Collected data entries

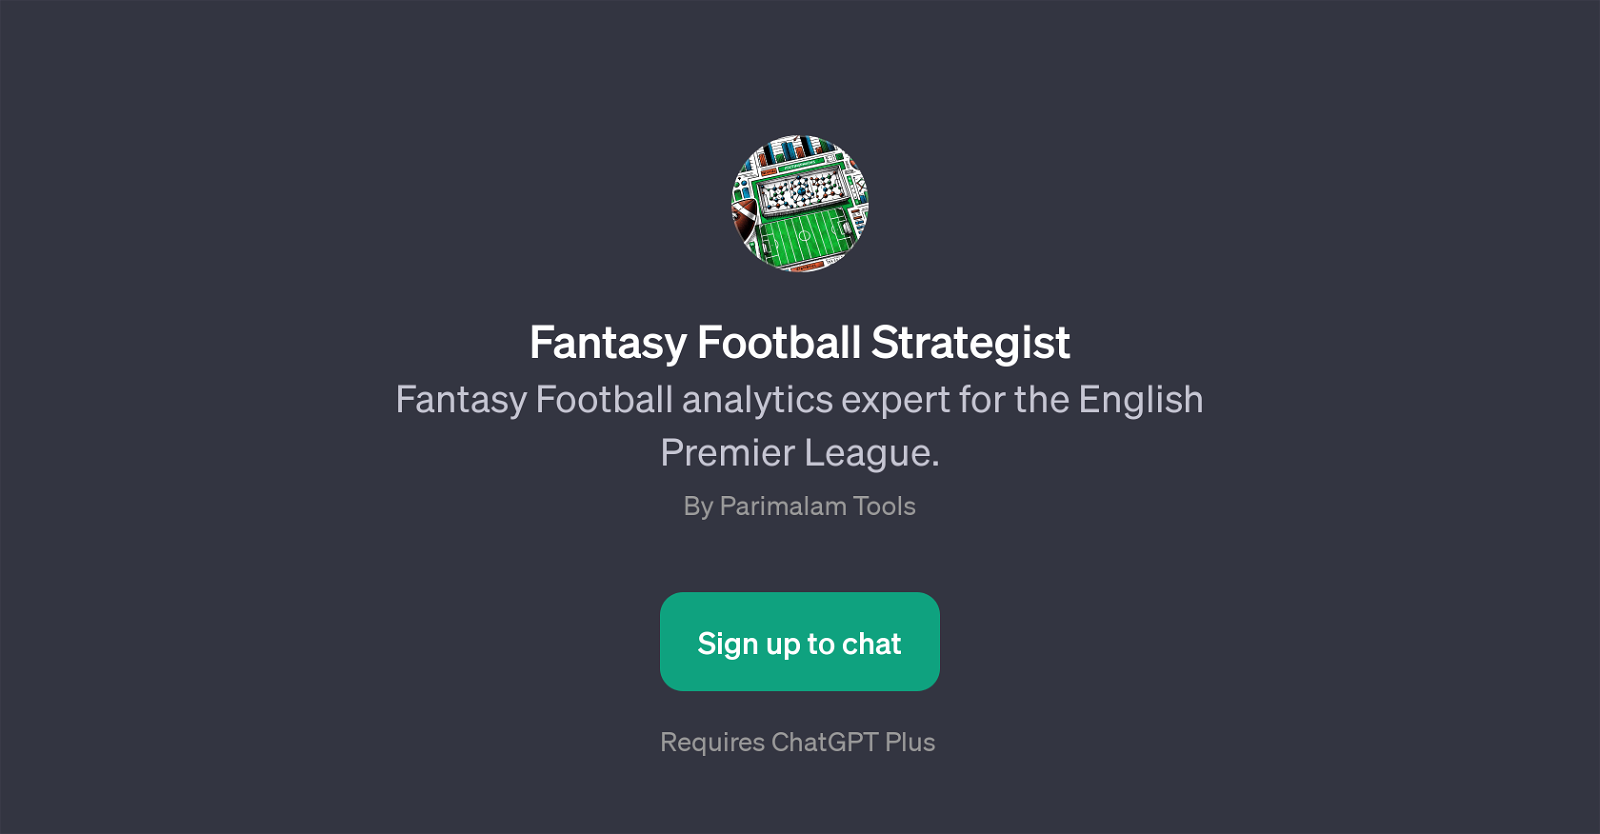 Fantasy Football Strategist website
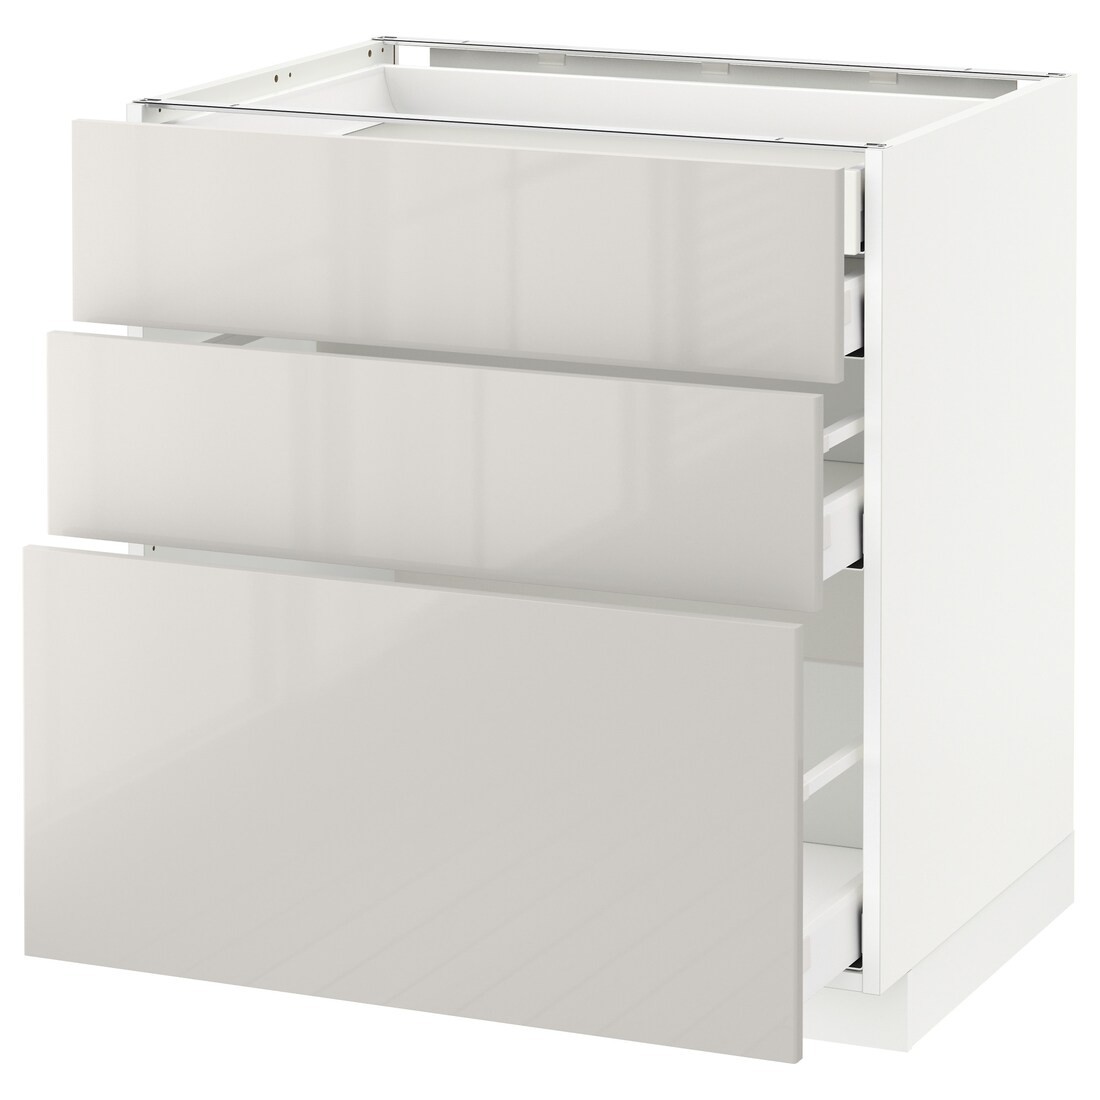 IKEA METOD МЕТОД / MAXIMERA МАКСИМЕРА Напольный шкаф с ящиками, белый / Ringhult светло-серый, 80x60 см 59141734 591.417.34
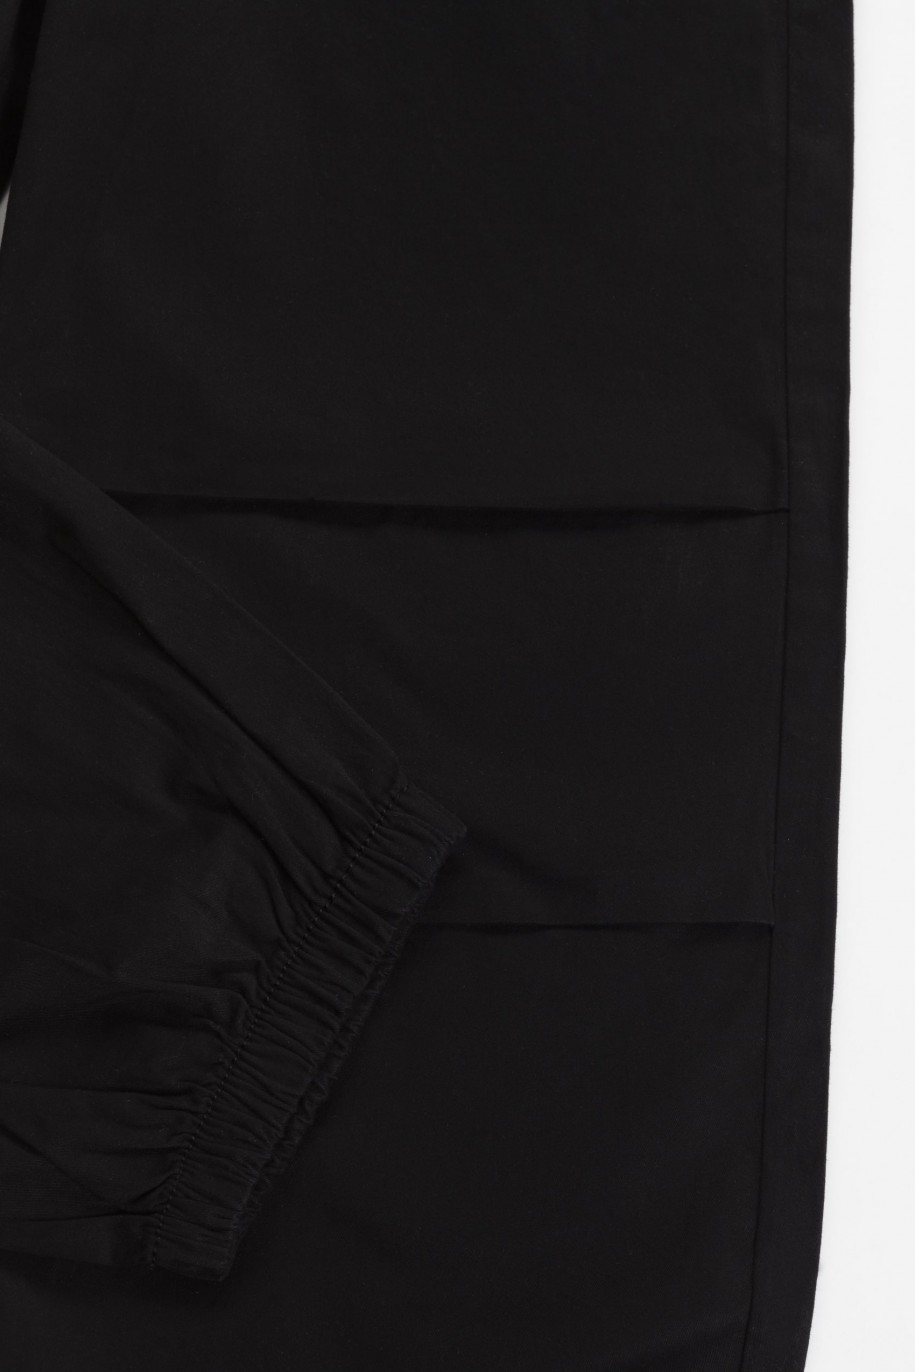 Czarne spodnie typu parachute z zaszewkami na nogawkach - 46051
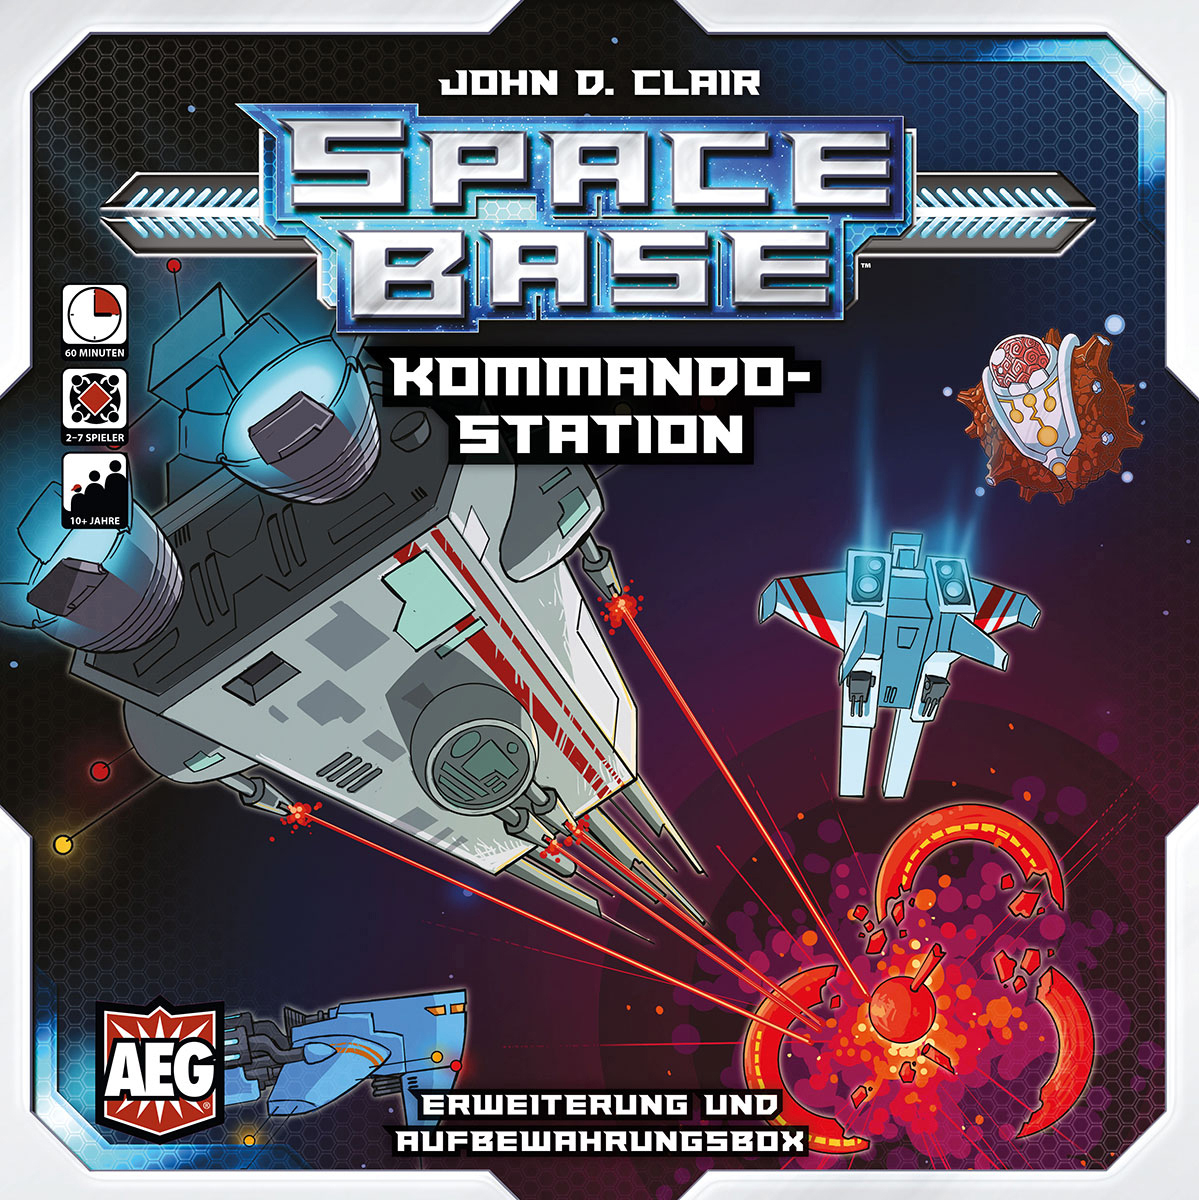 Base Space Gesellschaftsspiel ENTERTAINMENT Kommandostation GROUP - ALDERAC Mehrfarbig
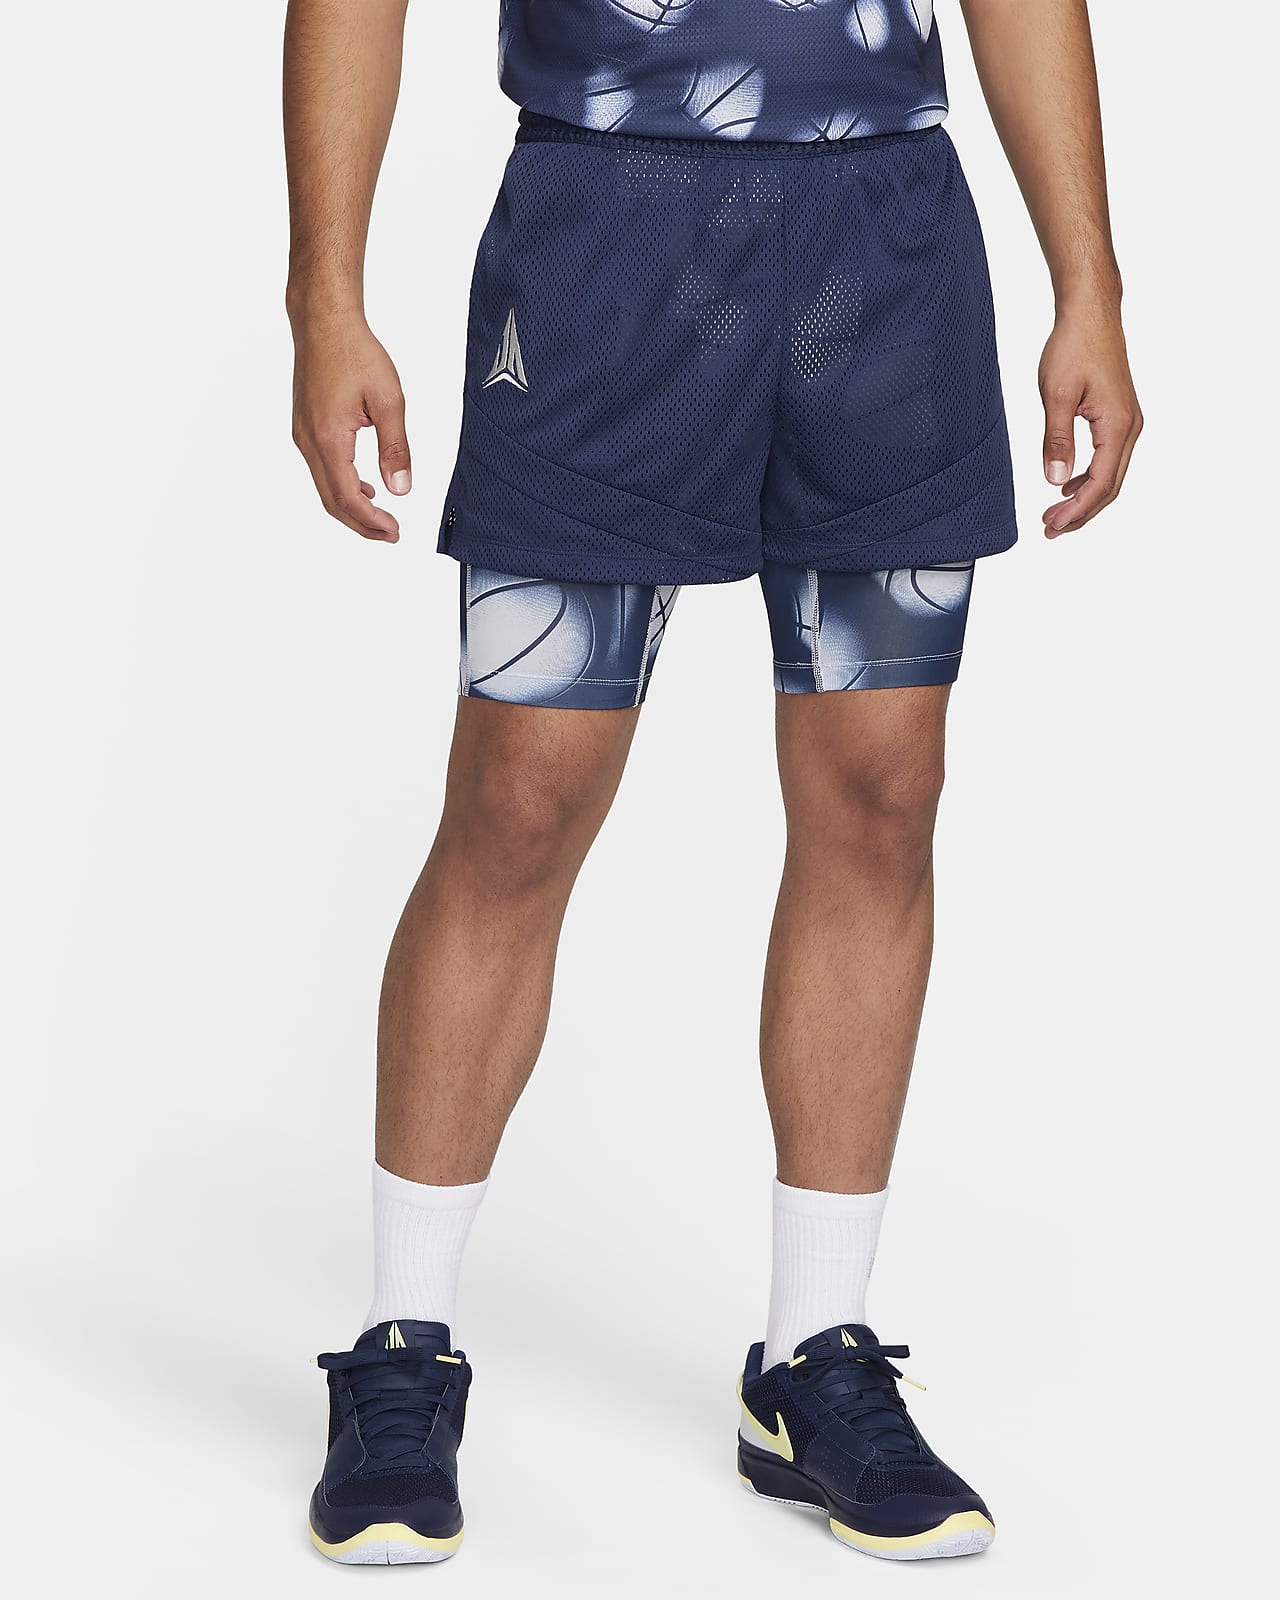 Shorts de básquetbol Dri-FIT de 10 cm 2 en 1 para hombre Ja

Activity :: Return a verbatim transcription of the data, omitting all images.

Result ::
 Fantasy Football Strategist website
 IKEA METOD МЕТОД / MAXIMERA МАКСИМЕРА Напольный шкаф с ящиками, белый / Ringhult светло-серый, 80x60 см 59141734 591.417.34
 Czarne spodnie typu parachute z zaszewkami na nogawkach - 46051
 Base Space Gesellschaftsspiel ENTERTAINMENT Kommandostation GROUP - ALDERAC Mehrfarbig
 Shorts de básquetbol Dri-FIT de 10 cm 2 en 1 para hombre Ja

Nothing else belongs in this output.